Все ураганы в лицо
Шрифт:
— Отстали…
Правая сторона плаща Фрунзе была изрешечена пулями. Бок в крови. У речки пришлось спешиться, так как Михаил Васильевич испытывал сильное головокружение и позыв к тошноте. Пуля прошла навылет, не задев ни кости, ни легкого. Кутяков вынул из сумки американский бинт и пузырек с йодом.
— Промойте рану коню, — сказал Фрунзе. — А меня — потом…
С Эйдеманом встретились в Решетиловке.
— Стреляли по вас? — спросил Михаил Васильевич.
— Я стрелял. Отбивался, пока шофер заводил машину. Меня они накрыли во дворе.
— И как удалось уйти?
— Техника! Весь кузов, проклятые, изуродовали пулями. Но теперь-то Махно не уйдет… Выздоравливайте! Все будет в порядке.
— Владимир Ильич как-то предостерег меня от излишнего оптимизма. «Малая война» почти закончилась. А на войне «почти» — не считается. В общем-то, не Махно от нас бегает, а мы
ПУТЕШЕСТВИЕ БУДЕТ ОПАСНЫМ
Двадцать первый год был особенно насыщен событиями. Казалось, и конца ему не будет.

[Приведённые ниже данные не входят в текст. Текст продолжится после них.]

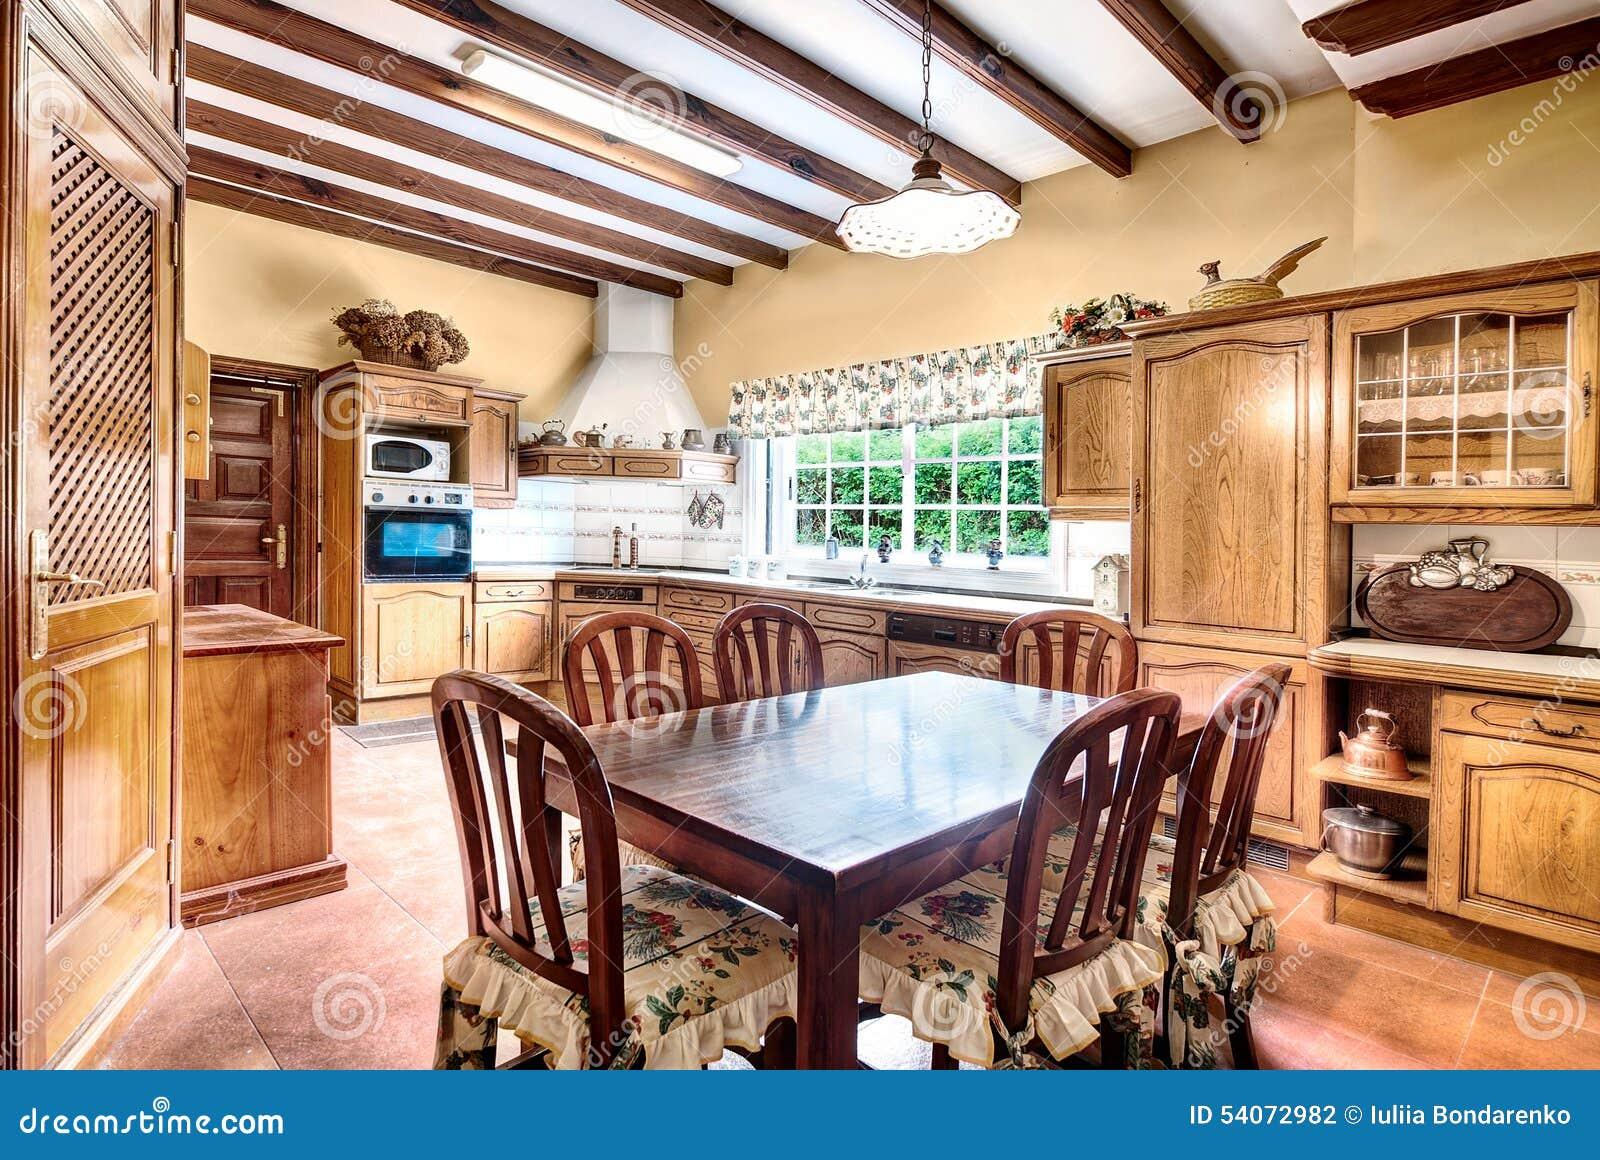 Cucina Stile Country Con Sala Da Pranzo Fotografia Stock

Отодвинулись в историческую даль бои с Врангелем.
Как-то Авксентьевский спросил, где Михаил Васильевич получил военное образование. Он, улыбаясь, ответил:
— Низшую военную школу я окончил тогда, когда первый раз взял в руки револьвер и стрелял в полицейского урядника; моя средняя военная школа — это правильно сделанная мною оценка обстановки Восточного фронта в девятнадцатом году при первом решительном ударе, нанесенном армиями Южной группы армиям Колчака; моя третья, высшая школа — это та, где вы и другие командиры и многие специалисты убеждали меня принять против Врангеля другое решение, но я позволил себе не согласиться, принял свое решение и был прав.
Да, победу над Врангелем он расценивал как высшую военную школу, и если у полководца могут быть свои «любимые» операции, то эта была такой. Он помнил, с каким настороженным недоверием отнеслись тогда многие к его решению, оттого, возможно, и упустили Врангеля в Крым — не хватало убежденности.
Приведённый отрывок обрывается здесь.